Questions regarding low-dose lung CT report?
Dear Director,
Recently, a low-dose lung CT report indicated a suspicious pneumonia-related mass measuring over 2 cm.
Upon follow-up with another low-dose lung CT two months later, it was found that the original mass had nearly resolved.
The physician advised a follow-up appointment in one year.
However, upon reviewing the radiologist's report on the health insurance app, I noticed the mention of "endobronchial nodules," which was not addressed by the pulmonologist.
I have the following questions:
1.
Are the "endobronchial nodules" related to the previous pneumonia lesion? Is it common for bronchial inflammation to lead to the formation of nodules?
2.
Why was the size of the endobronchial nodules not mentioned in this low-dose lung CT report?
3.
I am having difficulty finding information on endobronchial nodules.
Should I schedule an immediate follow-up appointment?
Thank you for your response! Below is the original report from the low-dose lung CT:
Low Dose Lung CT: performed WITHOUT intravenous contrast enhancement.
FINDINGS:
LUNG PARENCHYMA, AIRWAY:
* Endobronchial nodules, subpleural nodules with perifocal faint ground-glass opacity of the right middle lobe lung (RML) (SE:4;IM:80), rule out post-inflammatory change, advise follow-up
* Subsegmental atelectasis of the right middle lobe lung (RML) and left upper lobe lung (LUL) lingular segment (SE:4;IM:70,90)
PLEURA, PLEURAL SPACE, CHEST WALL: n.p.
MEDIASTINUM: n.p.
LYMPH NODES: n.p.
OTHERS: n.p.
Impression:
* Endobronchial nodules, subpleural nodules with perifocal faint ground-glass opacity of the right middle lobe lung (RML) (SE:4;IM:80), rule out post-inflammatory change, advise follow-up
* Subsegmental atelectasis of the right middle lobe lung (RML) and left upper lobe lung (LUL) lingular segment (SE:4;IM:70,90)

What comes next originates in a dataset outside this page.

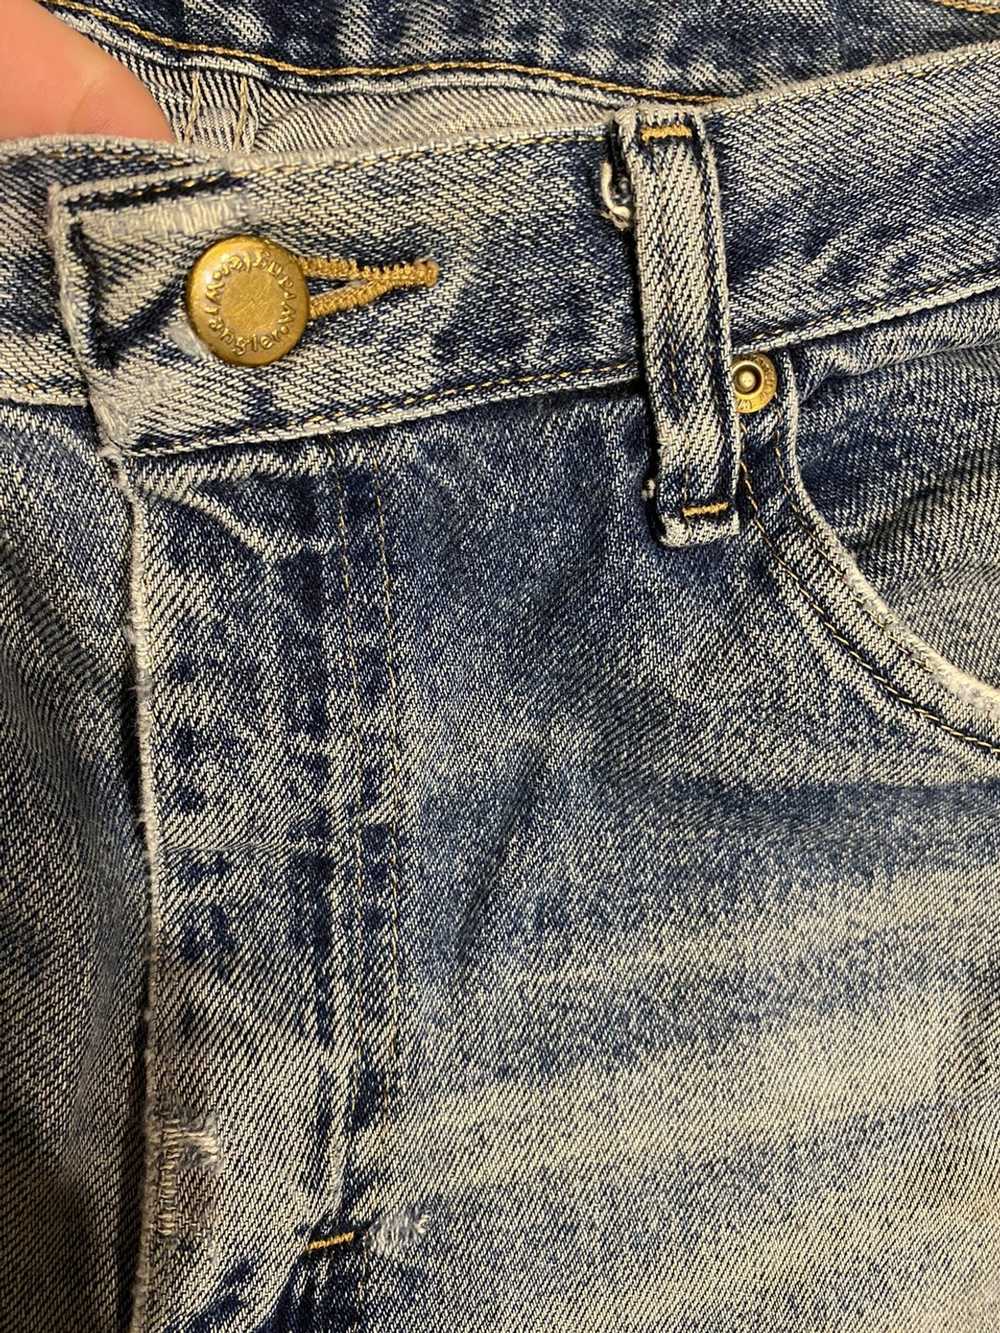 Wrangler Distressed wrangler jeans 34x32 - image 6

HHH, 40~49 year old female. Ask Date: 2024/05/25
Dr. Yang Wenda reply Pulmonology
Hello: The size of the bronchial nodules was not mentioned, and it is uncertain whether the scanning angle may have caused artifacts.
It would be best to discuss this further with the attending physician, ideally waiting at least two months since the last outpatient visit to better assess any changes in the imaging.
Reply Date: 2024/05/25
More Info
Understanding the findings from a low-dose lung CT scan, particularly regarding endobronchial nodules, can be quite complex and often raises several questions for patients. Based on your report, let’s address your concerns systematically.
1. Relation of Endobronchial Nodules to Previous Pneumonia: Endobronchial nodules can indeed be related to previous inflammatory processes, such as pneumonia. When the lungs are inflamed, as seen in pneumonia, it can lead to the formation of nodules due to the accumulation of inflammatory cells or scarring. These nodules may represent residual changes from the pneumonia or new developments that require further evaluation. It’s not uncommon for inflammation to lead to the appearance of nodules, and your physician's note about ruling out post-inflammatory changes suggests that they are considering this possibility.
2. Lack of Size Specification for Endobronchial Nodules: The absence of size specifications for the endobronchial nodules in the report could be due to several factors. Radiologists sometimes focus on the presence of nodules rather than their exact measurements, especially if the nodules are small or if the clinical context suggests that they are not of immediate concern. Additionally, the imaging technique and the quality of the scan can affect the ability to accurately measure smaller nodules. If the nodules are small and not causing any significant clinical symptoms, the radiologist may have deemed it unnecessary to specify their size.
3. Need for Immediate Follow-Up: Whether you need to return to your physician immediately depends on your symptoms and the overall clinical picture. If you are experiencing new or worsening symptoms, such as persistent cough, shortness of breath, or chest pain, it would be prudent to seek medical attention sooner rather than later. However, if you are asymptomatic and your physician has advised follow-up in a year, it may be acceptable to wait for that scheduled appointment. It’s essential to maintain open communication with your healthcare provider about any concerns you have.
In summary, endobronchial nodules can be a common finding in the context of previous lung infections, and while they warrant monitoring, they do not always indicate a severe underlying issue. The recommendation for follow-up suggests that your healthcare team is taking a cautious approach to ensure that any changes in your lung health are appropriately managed. If you have further concerns or if anything changes in your health status, do not hesitate to reach out to your healthcare provider for clarification and guidance. Regular follow-ups and monitoring are crucial in managing lung health, especially after experiencing pneumonia or other respiratory issues.